Lesson 1: Machine Speech Tagging

Definition:

Machine Speech Tagging is the automatic assignment of linguistic tags to spoken as well as written text to identify grammatical information. This forms the basis for machine understanding of technical aids, such as AI.

Key Concepts

Syntax, Parts of Speech (POS)
POS-Tagging: Tags, Tagsets
Corpus linguistics

UNIT 1: POS-TAGGING – DECODING LANGUAGE

We start the lesson with a short exercise: The teacher begins by naming a word. In a clockwise direction, each class member adds another word so that a sentence develops continuously. Do two or three rounds and memorise the sentences. Before the exercise, you can either give a topic for the circle story, e.g. the next school trip, or let your imagination run wild.

As we can see, it worked. Although we all contributed only a small part to the sentence and did not know how it would end, coherent sentences were created that we – probably with a lot of imagination – could also use in everyday life. Why is that?

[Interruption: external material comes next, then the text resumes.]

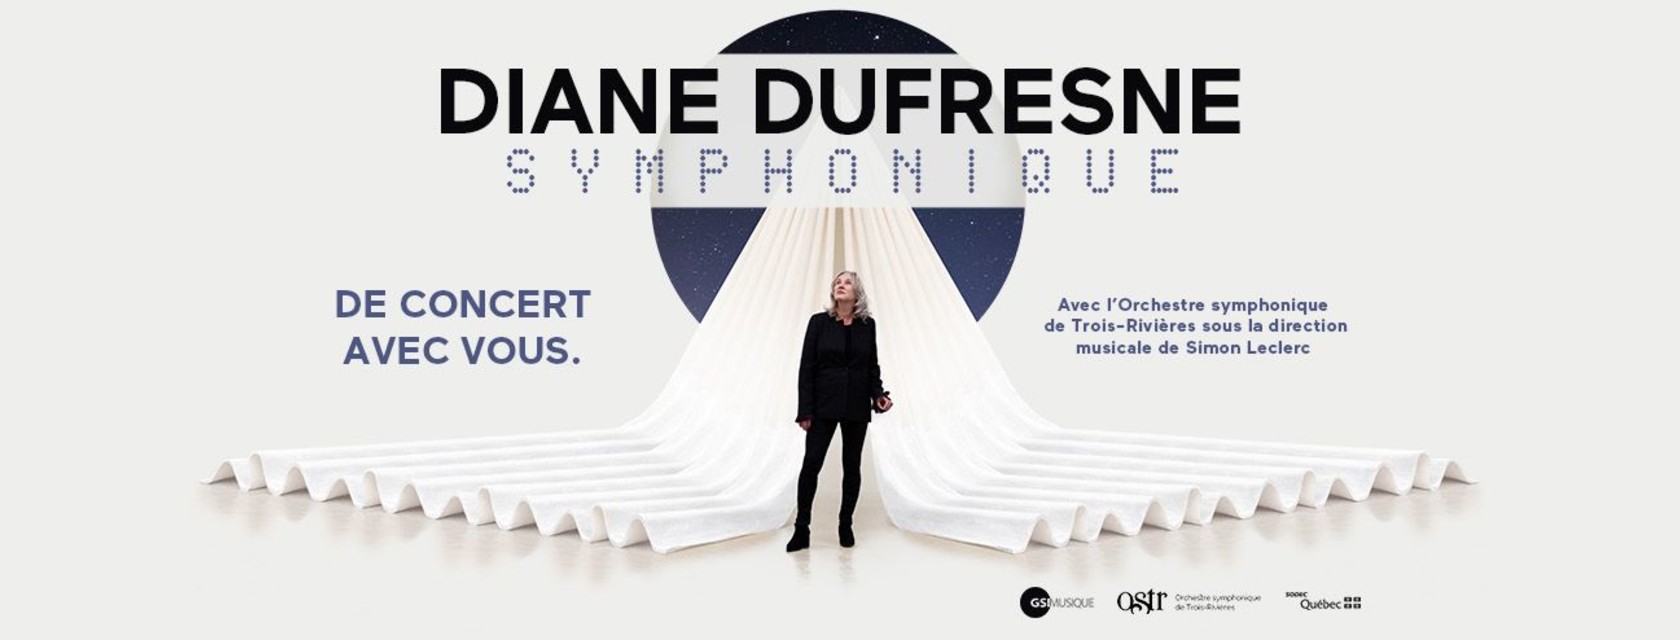 Diane Dufresne : De concert avec vous reporté en 2021
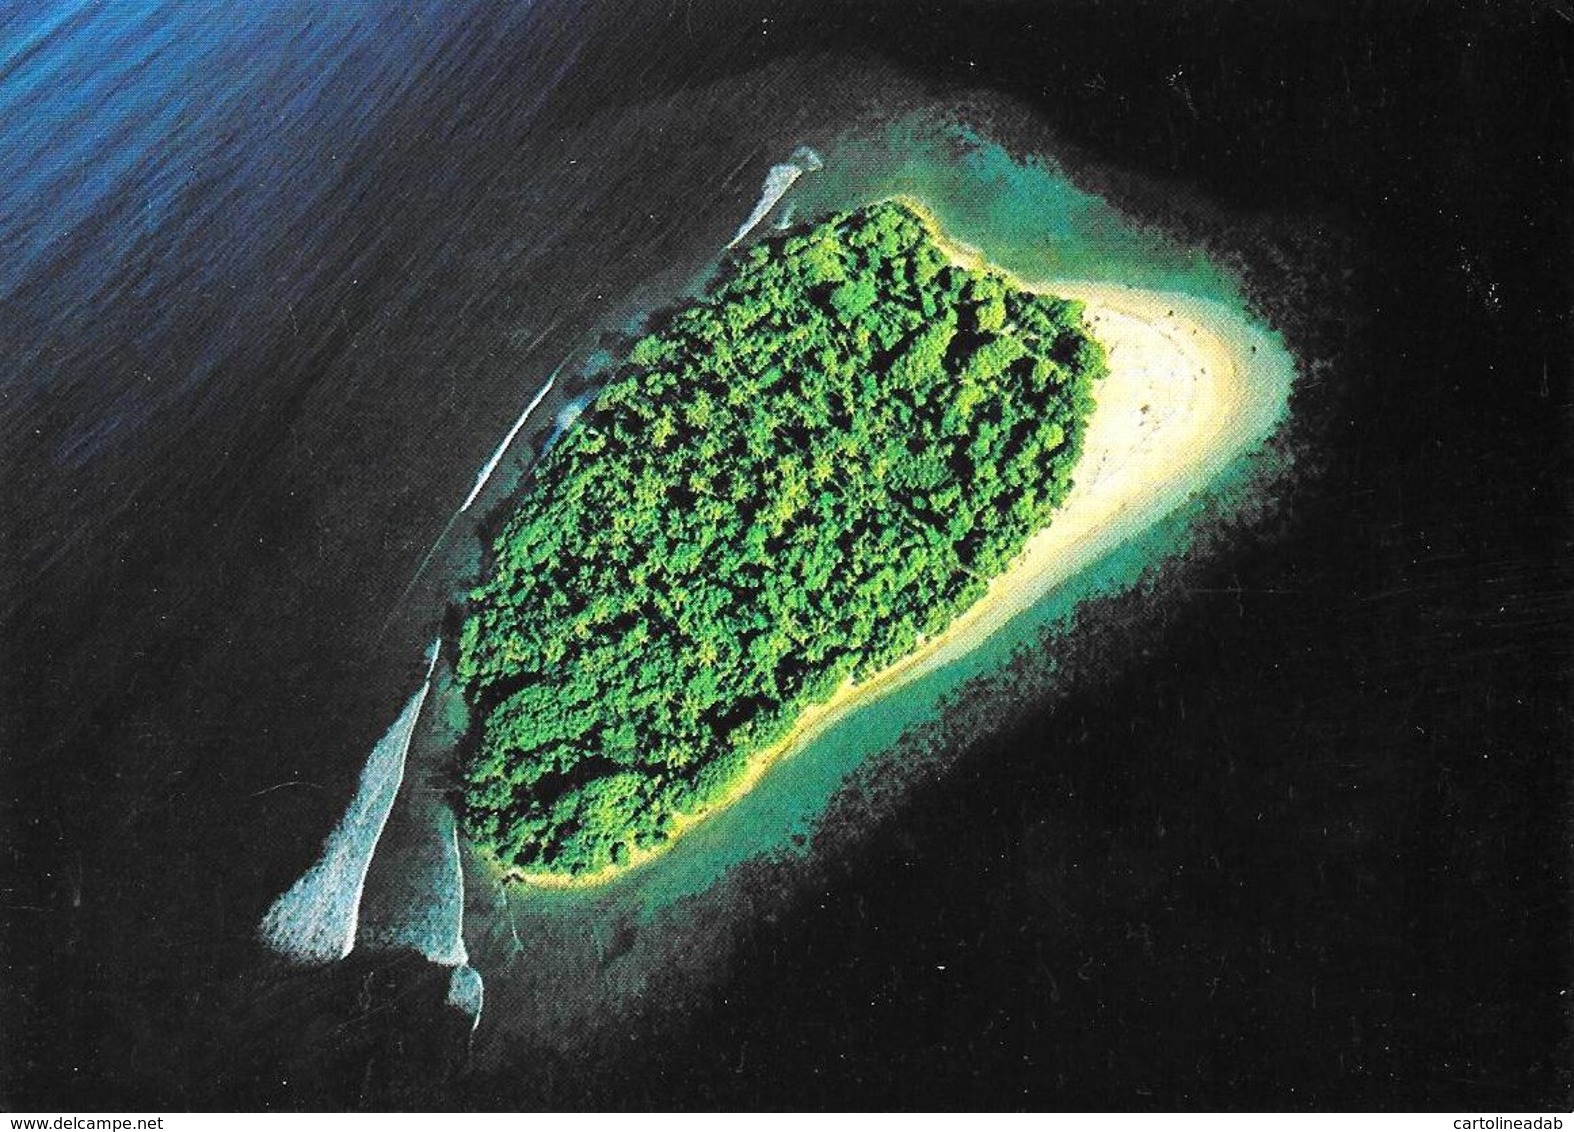 [MD3005] CPM - MALDIVE - UNIHABITED ISLAND - ART EDITION - BY ERIC KLEMM - Non Viaggiata - Maldive

How did we even know which words would fit next?
When we learn a language, we store basic grammatical rules that we need for everyday communication. Among other things, this includes a basic understanding of sentence structure, i.e.: Which word may I place where in the sentence? And for this, in turn, the division into word types is a prerequisite. Opinions differ on this, but the following eight types of words are particularly relevant when considering their position in a sentence:

Noun: "Thing-word" – tree, bread, ship
Verb: "Do-word" – swim, eat, can
Adjective: "Like-word", quality – beautiful, red, sharp
Article/ Pronoun: "Companion" – the, one / substitute – I, it, you, your
Adverb: Circumstantial word – yesterday, happily, here
Conjunction: Conjunction – and, but, or
Preposition: Relation word – in, on, after
Particle: Function word, not inquirable – not, very, because

The word types can be used to clarify the rules of sentence construction and present them in a general form:

"The dog is biting." – Article, noun, verb, adjective.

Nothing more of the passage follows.